Já no Serra, que em 2014 jogou a Série B do Capixabão, os exames são comandados pelo médico e presidente Carlos Henrique Cândido.

- Exijo laudo de cardiologista até de jogador amador que vem fazer testes no time profissional.

 

04 MÉDICOS ALERTAM

Especialista em Medicina do Esporte e diretor da Sociedade Brasileira de Medicina do Exercício e do Esporte, Ricardo Munir Nahas destaca a mudança de comportamento dos clubes paulistas após a trágica morte do zagueiro capixaba Serginho, do São Caetano, há exatamente 10 anos.

- Senti uma mudança grande em São Paulo. Os clubes se aparelharam, estão com médicos do esportes e fisiologistas nas equipes. Os dirigentes entenderam que é muito melhor gastar um pouco mais, fazer os exames e ter um atleta saudável - concluiu.

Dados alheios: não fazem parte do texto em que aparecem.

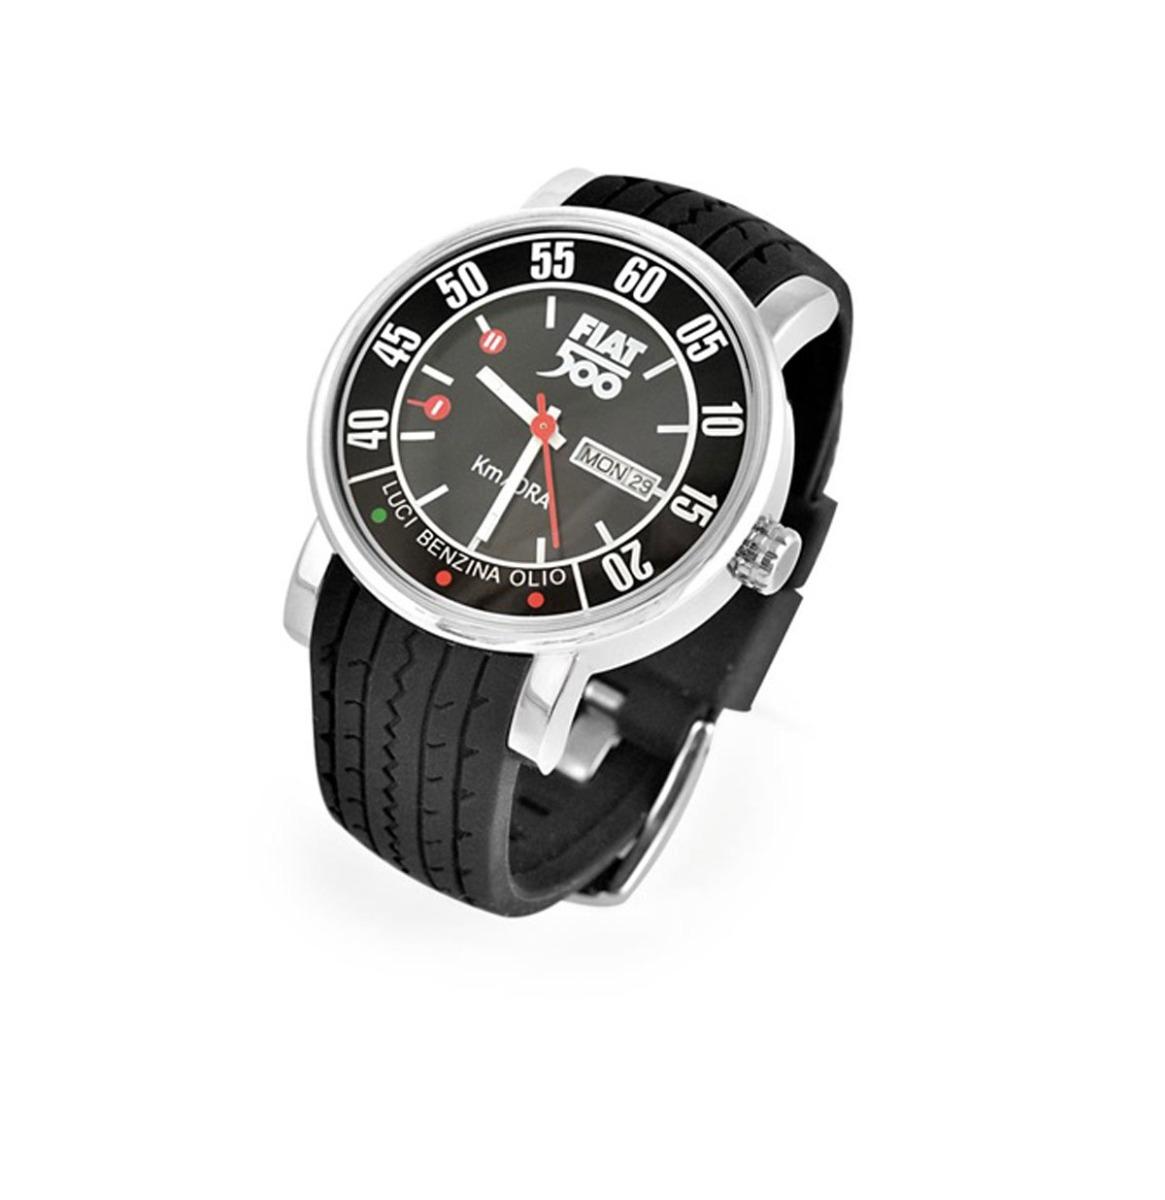 Fiat 500 Pols Horloge Met Silycon Band Zwart

O diretor ainda alerta para os exames básicos recomendados pela Sociedade Brasileira de Medicina do Exercício e do Esporte.

- Recomendamos exames de sangue, fezes e também um teste ergométrico, de esforço, para saber como o coração do atleta vai reagir sob esforço. É essencial conhecer a saúde do atleta. Quem não faz o exame entra em campo correndo um risco maior - garantiu.

Médicos criticam postura

O cardiologista Roberto Barbosa condena a postura dos clubes.

- É inadmissível um profissional atuar sem uma rigorosa avaliação clínica de pré-participação. Para o coração, deveriam fazer, no mínimo, eletrocardiograma.

Secretário do Conselho Regional de Medicina do Espírito Santo, o pediatra Celso Murad também repudia o aval médico para atletas sem exames básicos.

- É antiético. Se algo acontecer ao jogador, a responsabilidade é do médico, que pode até ter o registro cassado.